I have sand between my toes, a cooling drink in my hand and as I recline on the pile of inflatable tires, I can hear trains rumble past somewhere above my head. I am in a deranged Wild West village that looks as if it has been dropped from a great height on to a beach, with potted palms and AC/DC hollering out from the DJ booth.
Before Paris got its Plage and London, Amsterdam and even Birmingham jumped on the "sandwagon," there was Berlin. A former swamp 240km from the sea, the German capital perfected inland beach culture about 95 years before other landlocked cities. And as parks and squares across Europe are hurriedly transformed into artificial beaches this summer, Berlin is really pushing the boat out.
A mongrel country-and-western style beach, bar and play area, Strandmarkt is one of 30 beaches that have sprung up in Berlin. This stretch of sand is more than a little crazy. It's almost as bonkers as taking a beach holiday in a European capital far from the coast. The only thing that isn't balmy is the weather.
My Australian companion is skeptical. Australians don't need to build beaches and they don't understand those who do. Unfortunately, on our first evening in Berlin, the rain-lashed deck chairs of the first urban beach we visit - bizarrely billed as boasting wonderful views of Berlin's new railway station at sunset - look as hapless as an out-of-season English seaside resort.

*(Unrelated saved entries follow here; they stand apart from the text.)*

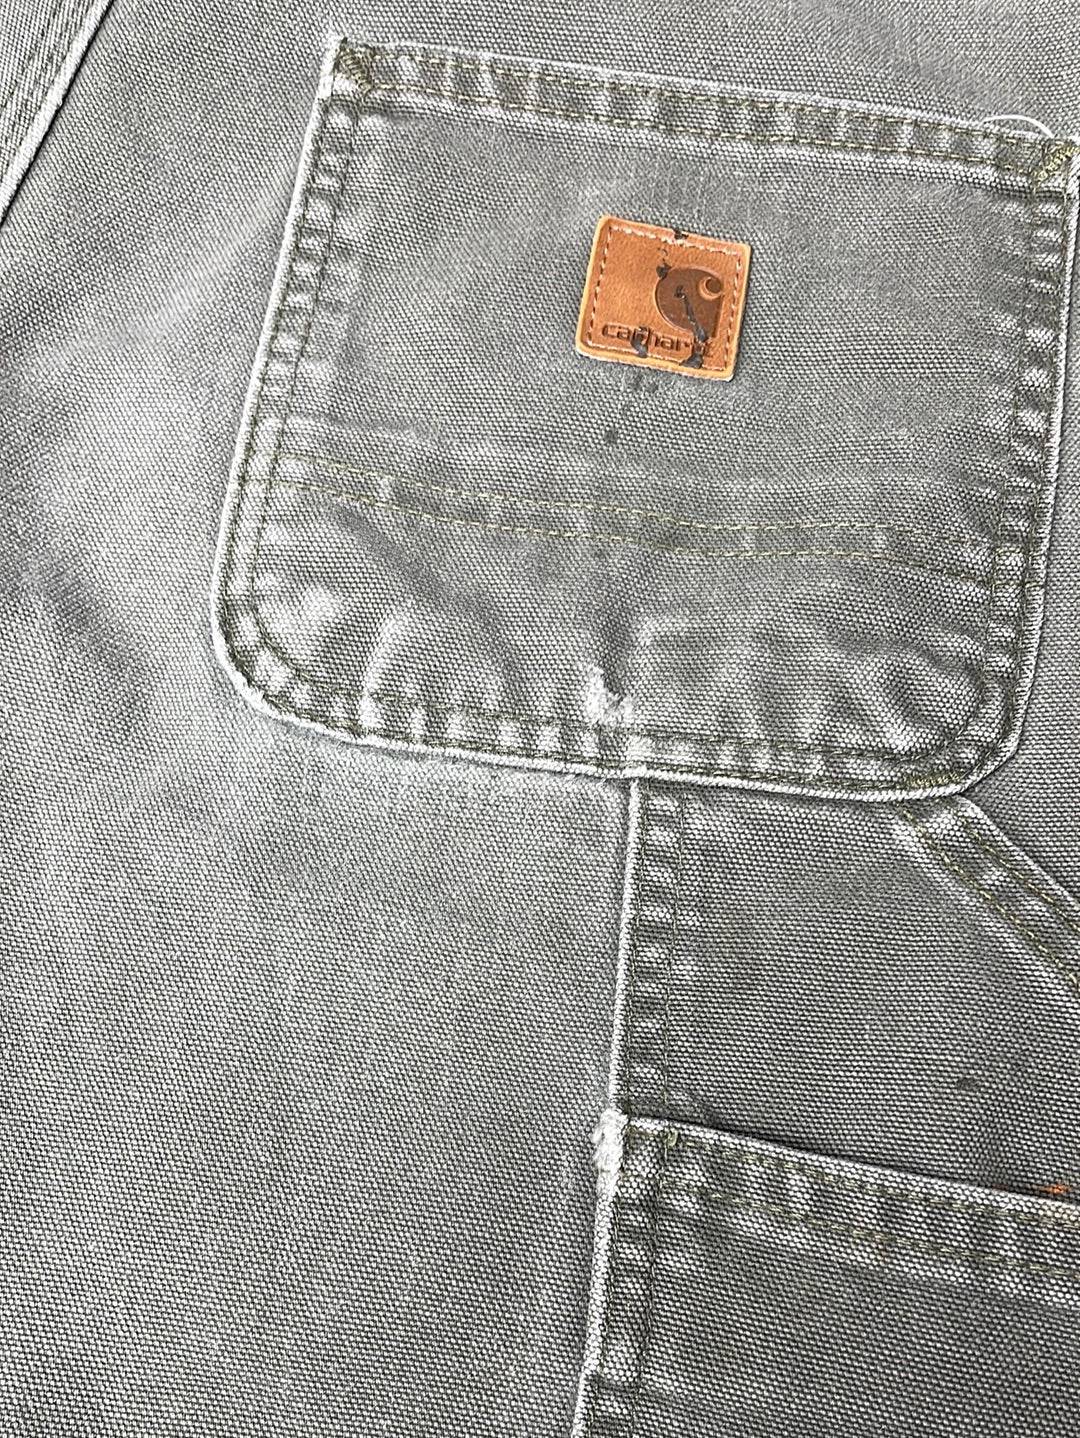 Vintage Carhartt Jeans Green // W31 L30 - RHAGHOUSE VINTAGE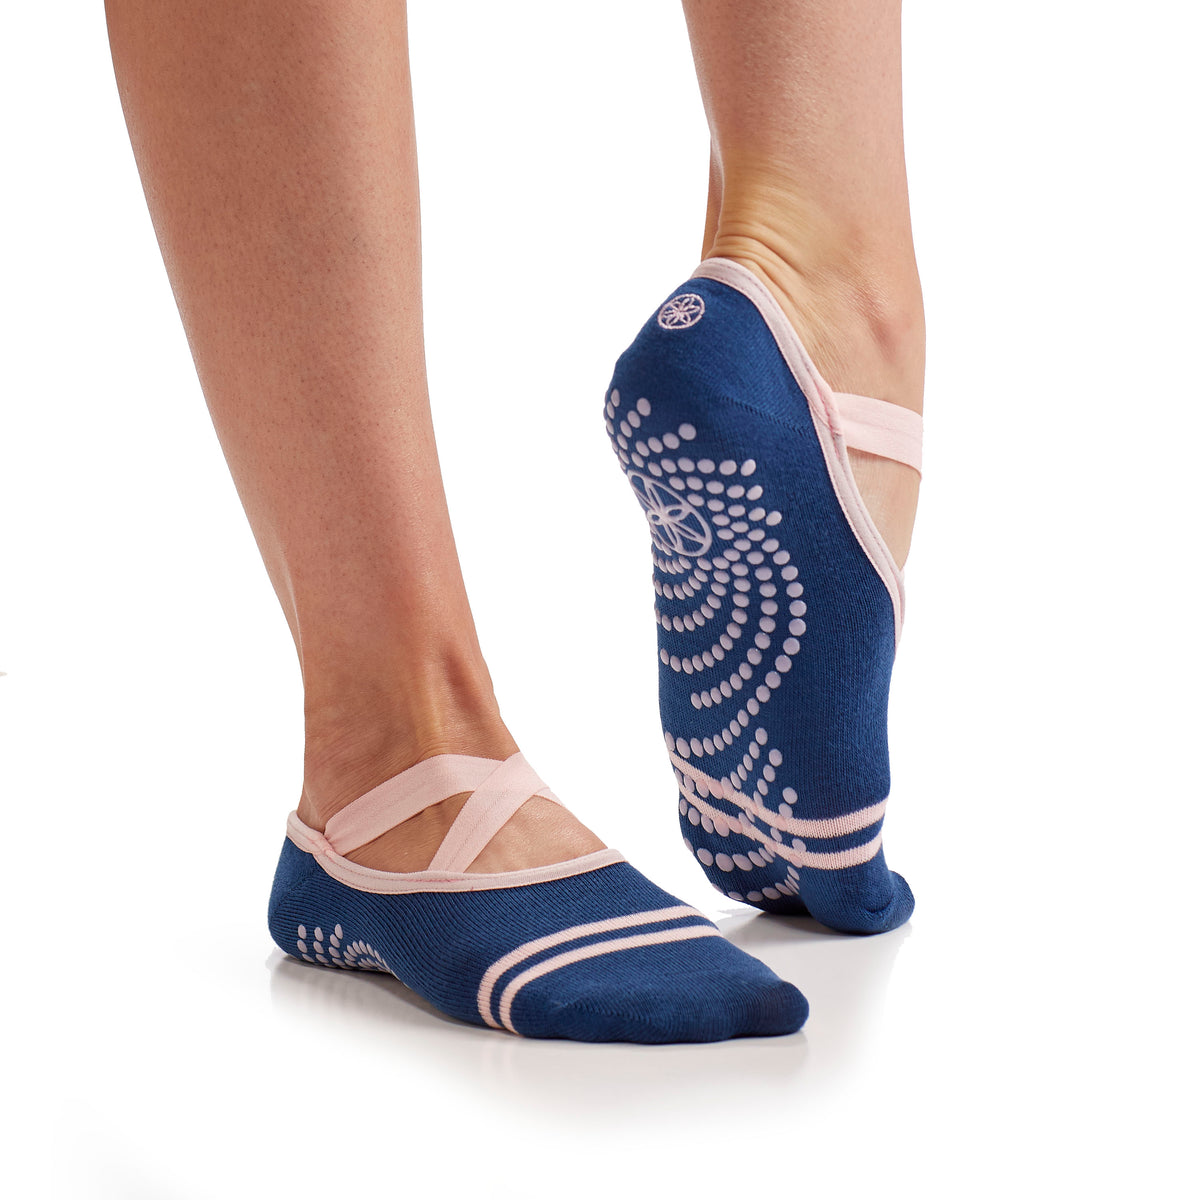 Buy Grippy Socks Pilates, Barre, Yoga Online in India 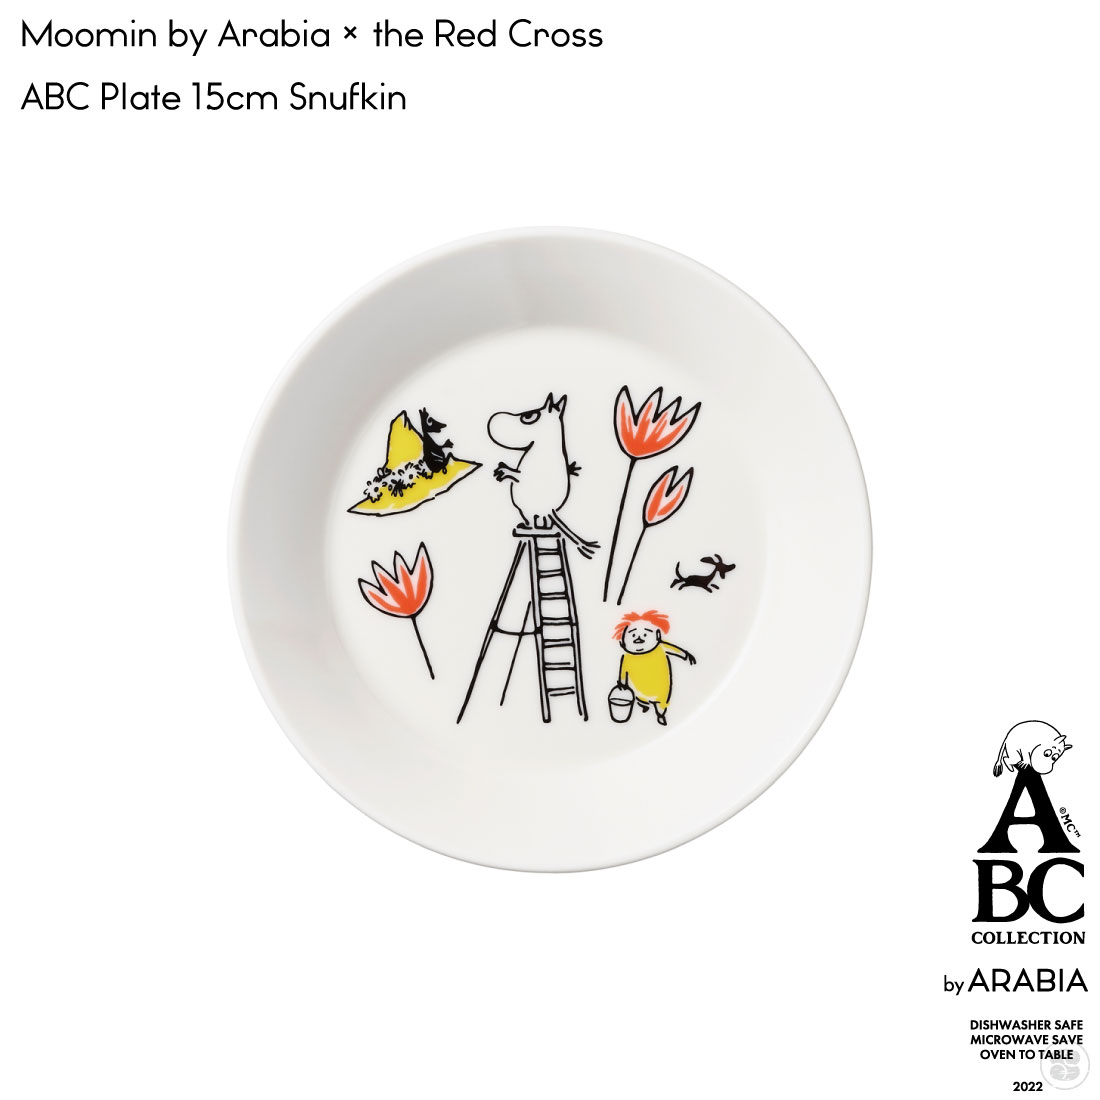 Moomin by Arabia × the Red Cross Plate 15cm ABC Snufkin Tove Slotte ムーミン アラビア 赤十字 プレート スナフキン トーベ スロッテ

The following day is also a washout. But it's here that the advantages of a holiday in a real city with fake beaches (as opposed to the usual fake city on a real beach) hit home. Our hotel's chic gray minimalism and amazing breakfasts (served until a very civilized 1pm on Sunday) are perfect for a gray day, as are Berlin's museums, most notably, Daniel Libeskind's striking, disturbing Jewish museum. Then there's the added bonus of Germany's superstar polar bear, Knut, who looks deliriously content when cool rain falls on the city's zoo.
Beach weather threatens to break out by the second evening and a stroll to Strandbar Mitte on the edge of Monbijou Park in the city center reveals why Berlin does beaches so well. Where in Britain could you arrive at 9.30pm on a Saturday and get a drink and a seat straight away? Where in Ibiza could you instantly plunk yourself on a chair right by the water? Forget the stereotypes about the race for the sun-loungers; in Berlin, there's a deck chair for everyone.
Rumpled like a trendy haircut, yet blessed with that German talent for order, Berlin boasts incredible space. Vast tracts of the city still lie in undeveloped, post-industrial ruins - the legacy of its painful cold war division. Much is the kind of desolate riverside that became London's Docklands 20 years ago. It's perfect beach-building territory.
Inland beaches probably began with the Wannseebad, a traditional lakeside bathing spot out in the suburbs beyond Berlin's Grunewald forest that celebrates its 100th anniversary this summer after a long program of refurbishment. But Strandbar Mitte was the first modern urban beach to open in the center of Berlin. It first scattered the sand in 2002 (the same year as the more celebrated Paris Plage). This summer, it offers a thick carpet of proper beach sand, palm trees and cozy Strandkorben (literally, "beach baskets"), the traditional German two-seater beach chairs.